Four years of community college. D'oh! :doh



sparklehorse said:


> almost finished my masters in library science, woo hoo, off to a grand old salary of about $35K!?!! Wadda schmuck!


I wanna do that! What school are you attending, if you don't mind me asking


----------



## clenched_fist (Jan 4, 2004)

_Finished High School...barely...lol

Plan on attending college/university in the future_


----------



## Dreamcatcher (Nov 8, 2003)

Current student in a community college.


----------



## SER-5 (Nov 9, 2004)

WTF, 183 views and only 32 votes? lol come on people don't be shy.


----------



## Amocholes (Nov 5, 2003)

SER-5 said:


> WTF, 183 views and only 32 votes? lol come on people don't be shy.

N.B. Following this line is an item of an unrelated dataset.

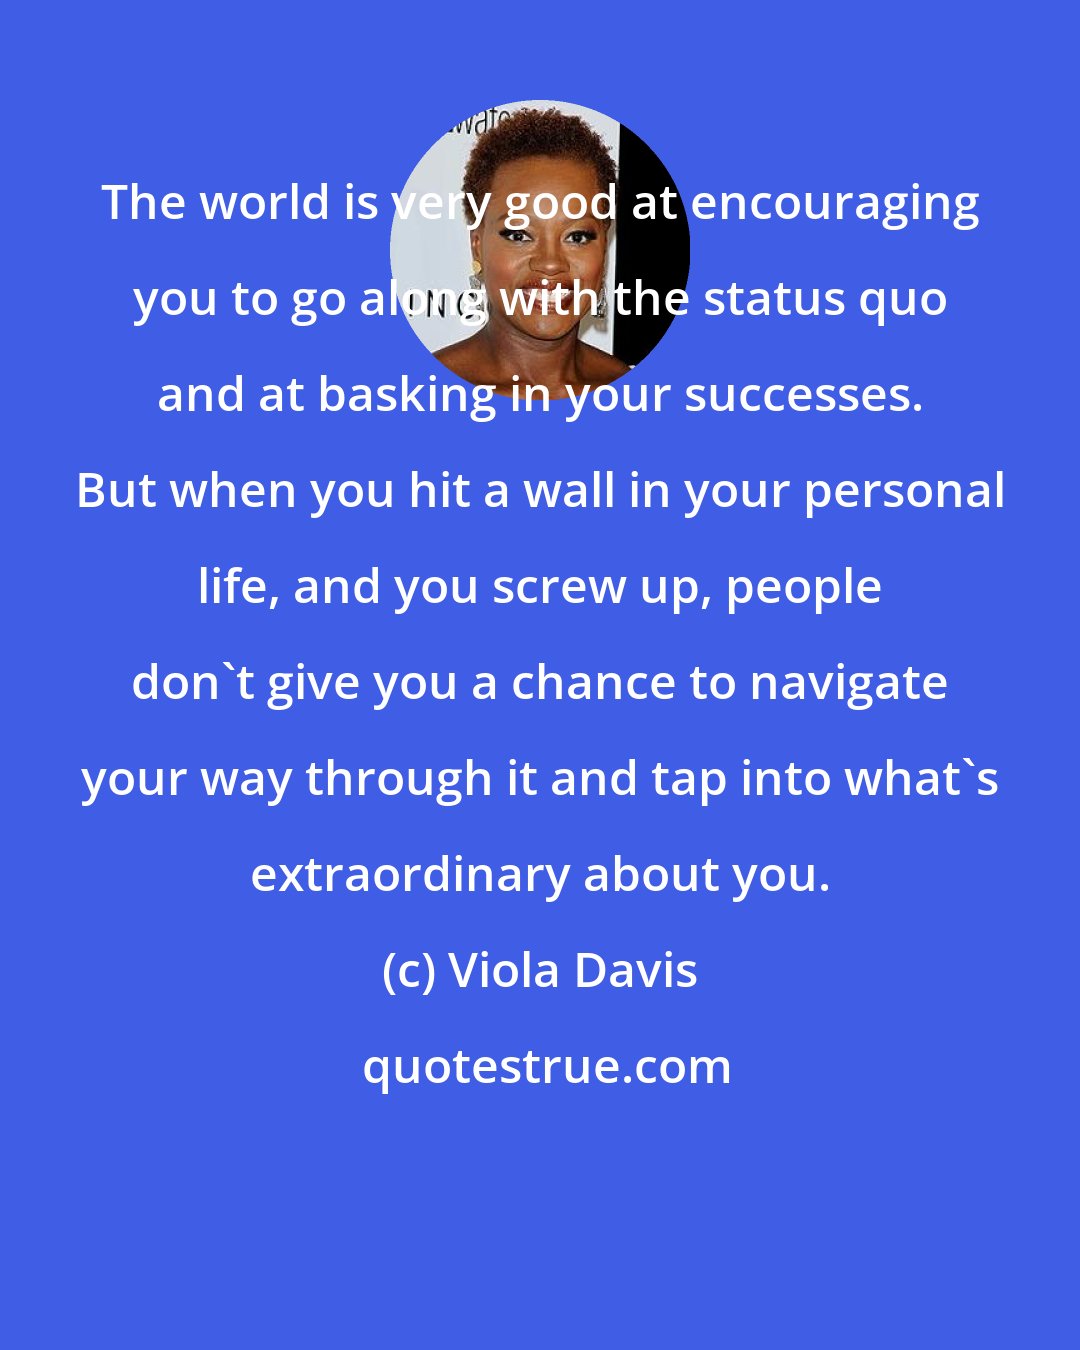 Viola Davis: The world is very good at encouraging you to go along with the status quo and at basking in your successes. But when you hit a wall in your personal life, and you screw up, people don't give you a chance to navigate your way through it and tap into what's extraordinary about you.

Silly comment! We're all shy! :banana :banana :teeth


----------



## Desi (Nov 18, 2003)

Never finished high school, but trying to :fall


----------



## RX2000 (Jan 25, 2004)

Umm what if we finished half of college and then dropped out for a little while to do something else? (Like in my case live in a foreign country?) I guess I'll just put "Currently in college" even tho thats not really true.


----------



## ShyLight (Jun 19, 2004)

I'm currently in college


----------



## Caedmon (Dec 14, 2003)

One semester away from a BA in Speech & Language Disorders. Spanish minor. Woot! Go me!


----------



## UltraShy (Nov 8, 2003)

SER-5 said:


> WTF, 183 views and only 32 votes? lol come on people don't be shy.

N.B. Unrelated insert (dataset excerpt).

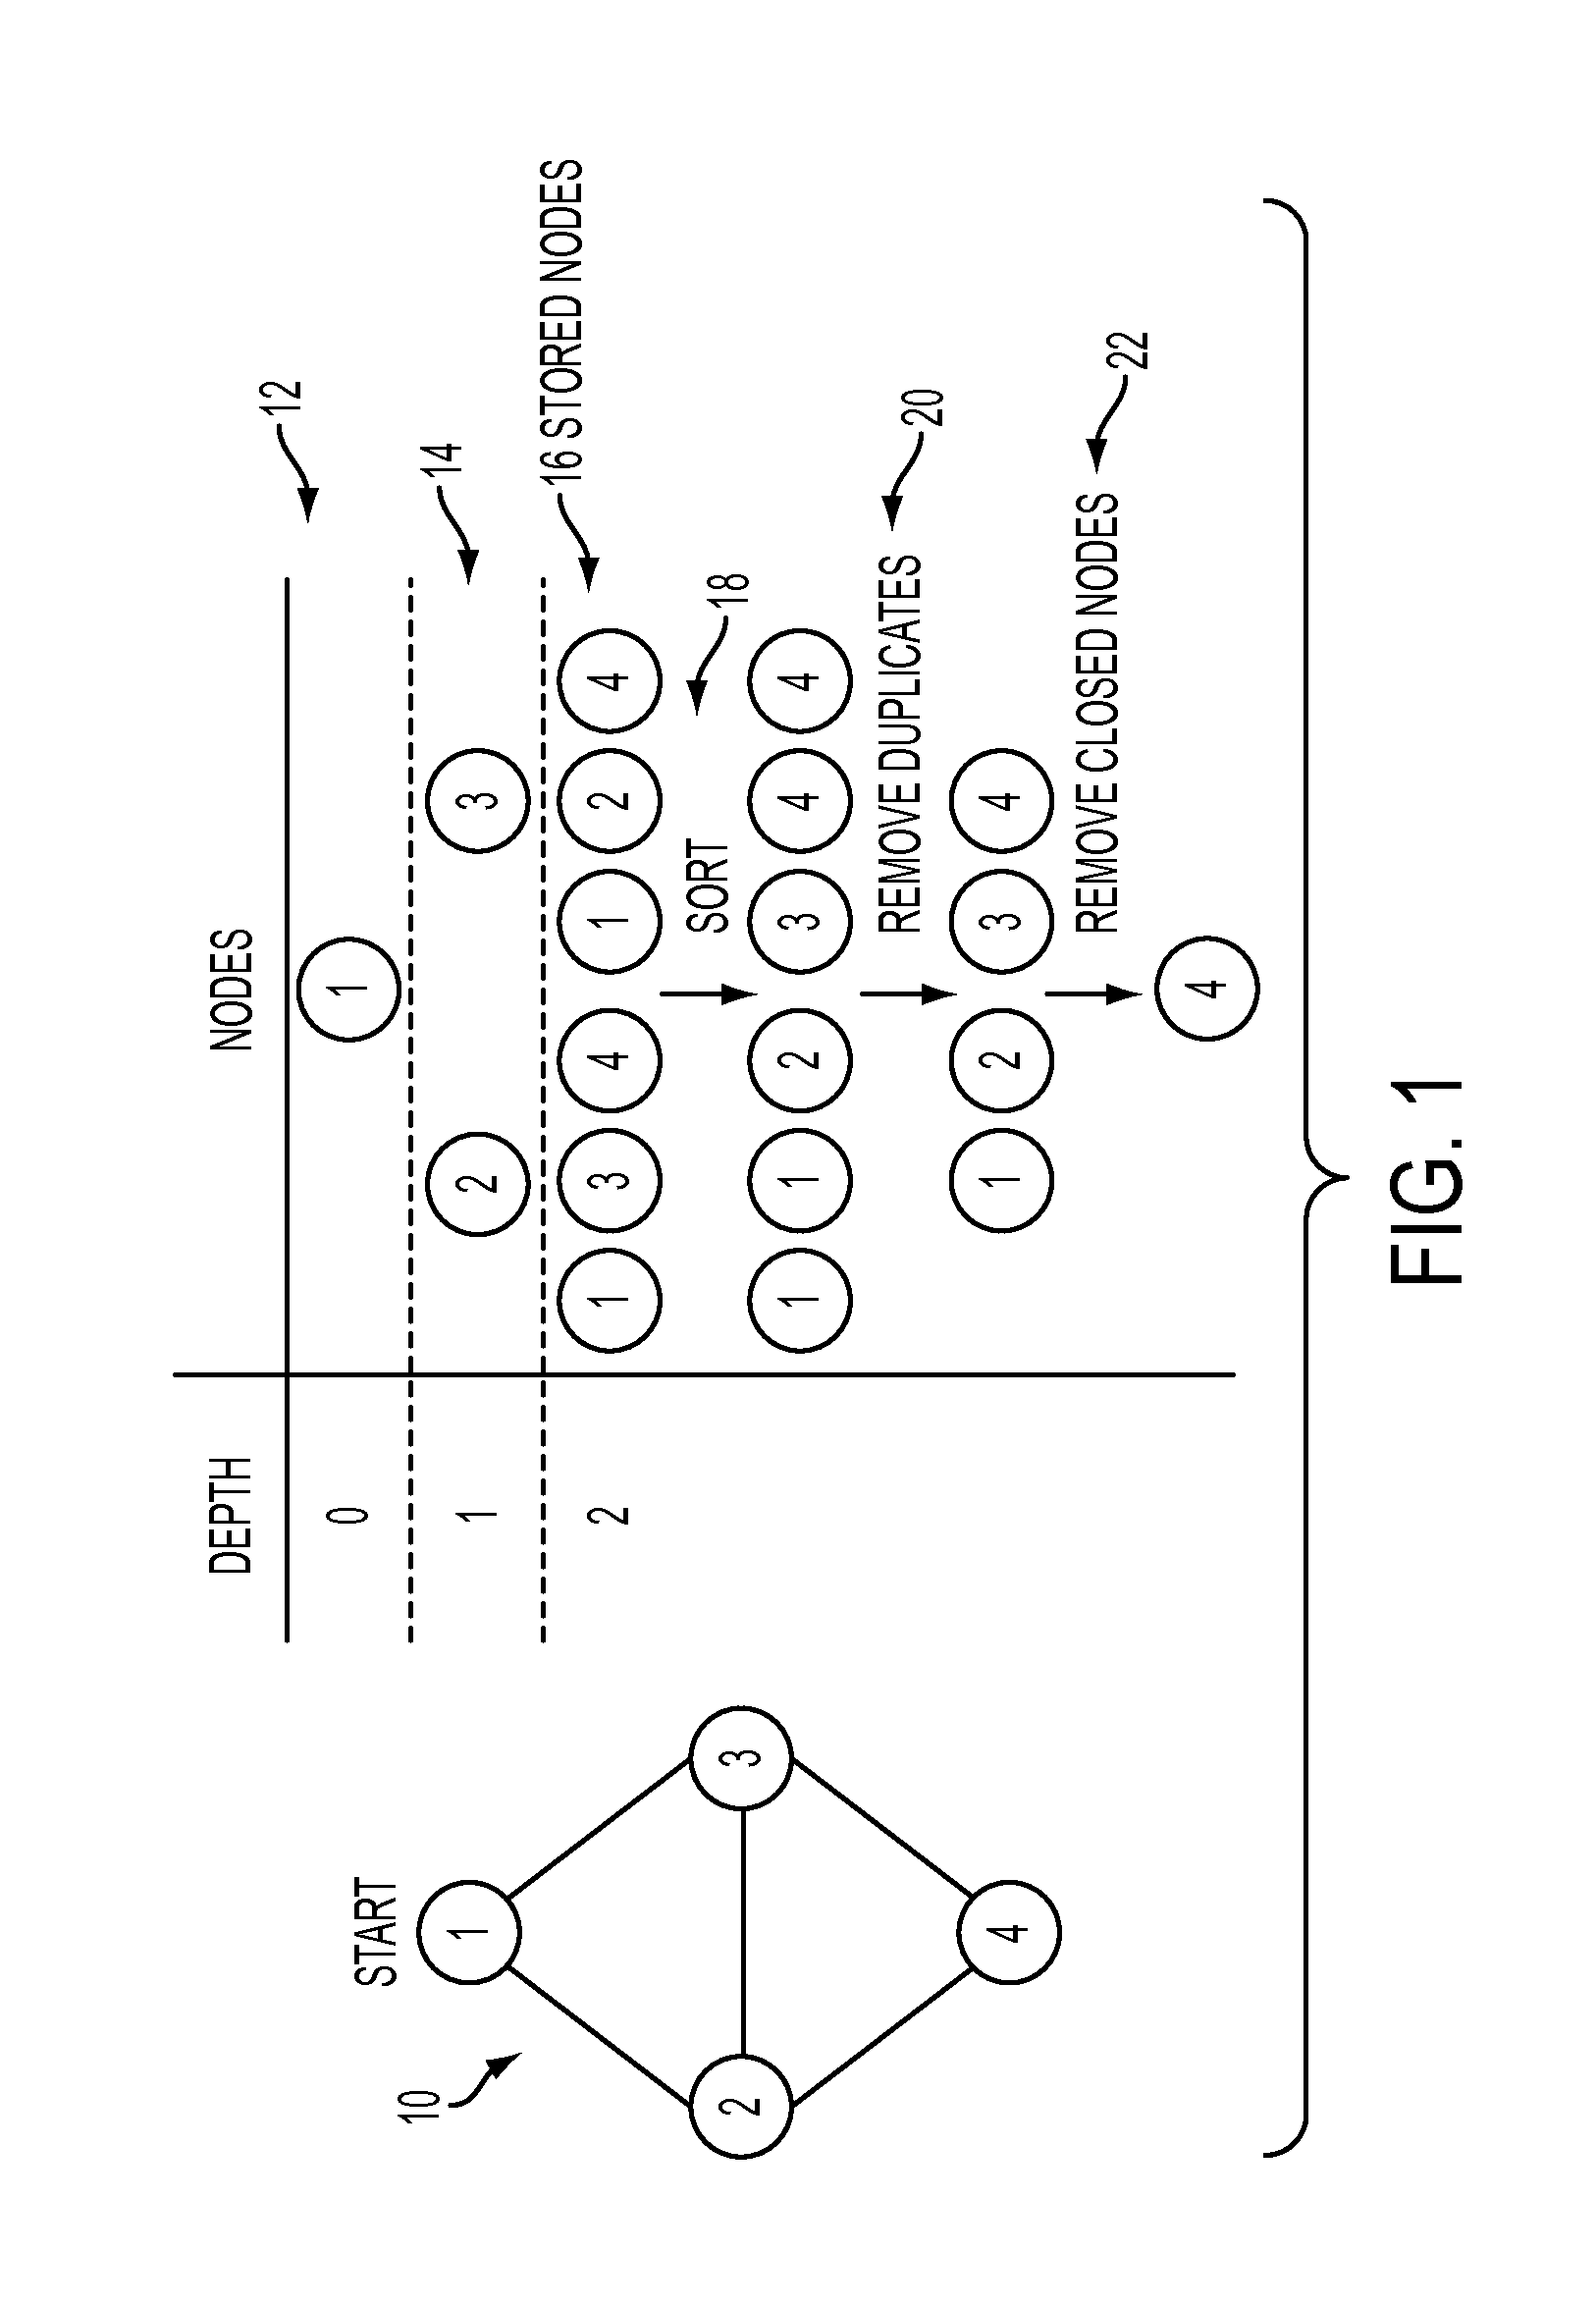 System and method for dynamic state-space abstractions in external-memory and parallel graph search

Some of those are multiple views by the same person. I had to come back and look again to see how I compare. Only 8% are more educated than me.


----------



## space_is_arched (Apr 9, 2004)

I have a masters. Currently in a PhD program and screwing it up.


----------



## sparklehorse (Feb 13, 2004)

LilyFair said:


> Four years of community college. D'oh! :doh
> 
> 
> 
> ...


Hi Lily,

Not a school in the states sorry!, but I know there are heaps of good ones there, unfortunately there is only one masters level programme in my country!


----------



## Planewalker (Feb 5, 2004)

2nd year of college/university, and I plan to go all the way to the top. Scientia potestas est!


----------



## Pillar (Aug 16, 2004)

weRe iz tha, opshin fer nat Finisheing Kendergarten,.? ops


----------



## ghostgurl (Sep 20, 2004)

I'm currently in a junior/community college.


----------



## opacity (Sep 26, 2004)

3rd year of uni.


----------



## bk (May 2, 2004)

3rd year of a mechanical engineering degree


----------



## thecurerules (May 31, 2004)

clenched_fist said:


> _Finished High School...barely...lol_


Me too.


----------



## crazyguy (Nov 12, 2004)

PHD in Psych.


----------



## Paradox (Aug 9, 2004)

When I first read the title I thought it said something else..... :lol 

Anyway, I'm starting my second semester of college in January.


----------



## daphne (Dec 4, 2004)

Bachelors in...psychology :hide


----------



## jdr5084 (Oct 24, 2004)

Becky said:


> Took me 5 minutes to figure out what ejumacated meant :um


dido Becky. :lol

I have a BBA in Accounting.


----------



## looksee (Jun 18, 2004)

Currently in college/university...and will be for the next 10 years :um


----------



## Jnmcda0 (Nov 28, 2003)

> BS in Finance


Yeah, I BSed my way through finance as well. Oh, that's not what you meant. :lol


----------



## Khyle785 (Nov 5, 2004)

in college now


----------



## Madmonkeypoo (May 3, 2004)

Hmm, I don't see an "Associates Degree" option.  Oh well I'm going for my Bachelor's now that I got it out of the way. So I put currently in college.


----------



## millenniumman75 (Feb 4, 2005)

BS in Computer Science -- it was in the engineering college (where nobody quite understood how hard programming really can be).


----------



## Sweetpea (Nov 28, 2003)

Woody said:


> High school drop out (unejumacated)


 :lol :lol :lol :dito

UK: finished school (oviously) Dropped out of A-levels (got 1 AS)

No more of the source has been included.